I'm a programmer and all around nice guy, I hold doors for folks. I'll walk
out of my way to go open the door for you if your hands are full everytime.
And just last night a drunk driver ran into a parked car outside, it wasn't
one of mine but I went out and took photos of everything for whoevers car it
was (including of the perps license plate that fell on the ground). I gave a
statement to the police about it today. I always take time out of my day to
help a random person. The poor girl whose car it was hugged and hugged me, she
said "people don't do that". I just shrugged. I grew up working on a farm,
fairly Earth-salty midwest guy. I'm not a self proclaimed tough guy, I'm
actually pretty soft but probably hard by today's standards. My brother is far
more rough and tumble than I am.

I do have a lot of stories, but I've done just what you describe. I had a TV
stolen when I was in college, I generally knew who did it. I got my band of
merry men together, knocked on the door and when they let us in, we blasted in
turning it upside down searching the apartment for the TV. One of the
occupants pulled a gun out on us, we took it from his hands and beat him to
the ground with it.

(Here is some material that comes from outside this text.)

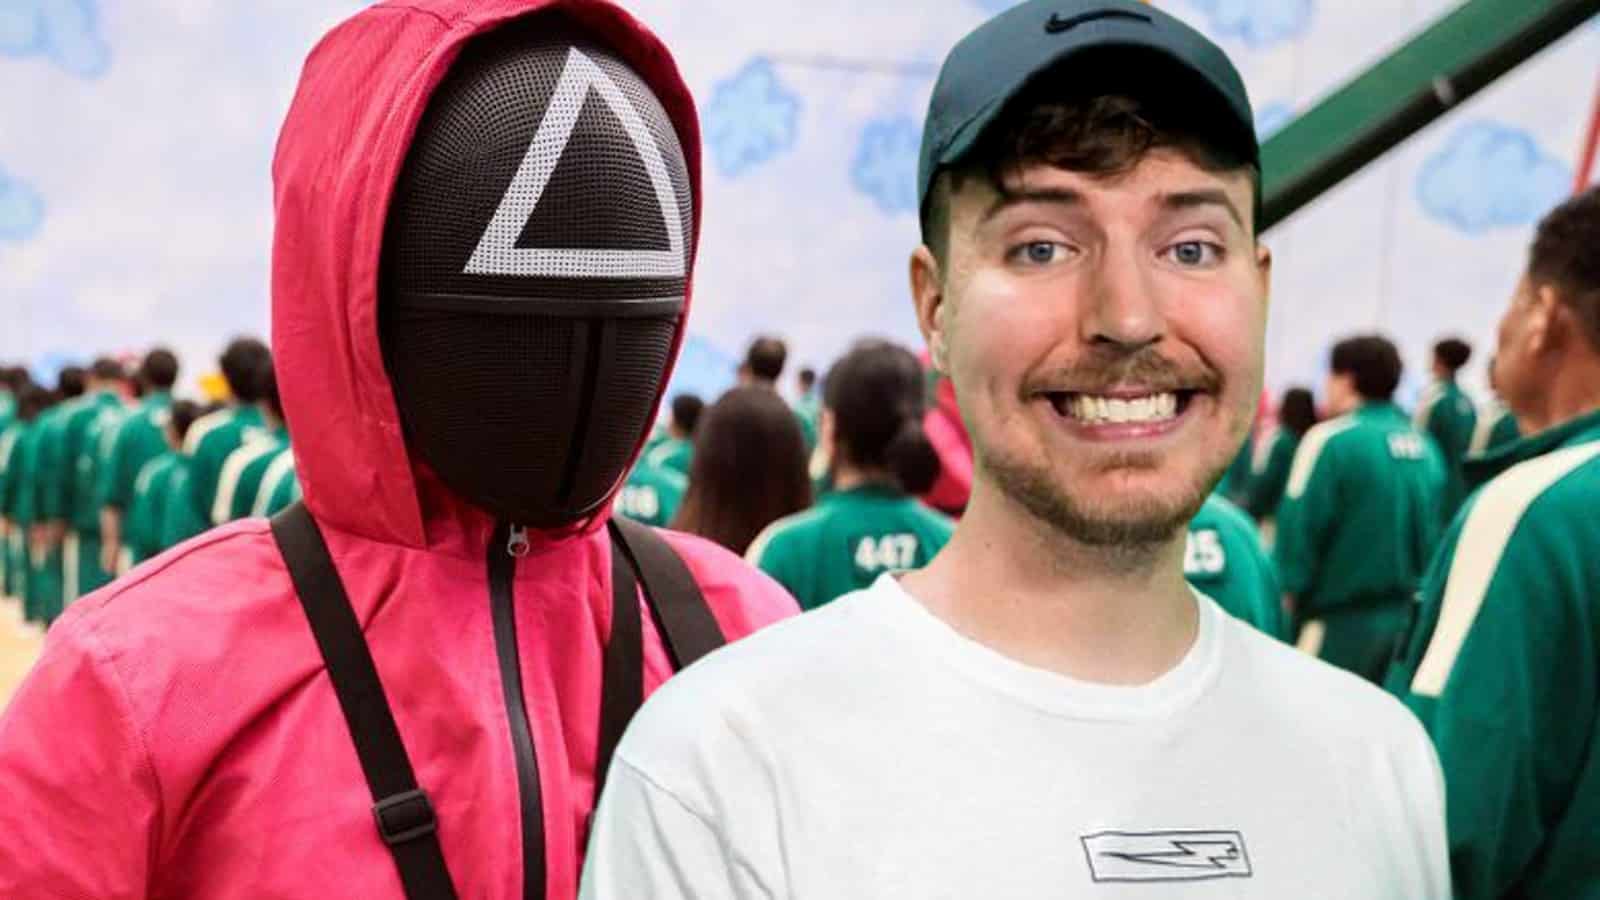 MrBeast's Real Life Squid Game video increased Brawl Stars downloads 4.5 times in the US | Game Industry News

Then we tossed it outside into the snow and continued to
pound on the guys.

The TV didn't end up being there, but they knew who took it. They were at
their house the night it disappeared. They called who stole it and allegedly
said, "I think these guys mean business". That was correct. We were going to
hunt them down like animals at their next bonfire/party they had planned and
it was going to be very bad for them. And we weren't going to stop there.

Needless to say, I had a brand new TV in the box on my doorstep at 9:30PM that
night! Problem solved and I shook on it with one of the guys who stole it.
They were drunk and broke in to steal it, I just wanted my TV back.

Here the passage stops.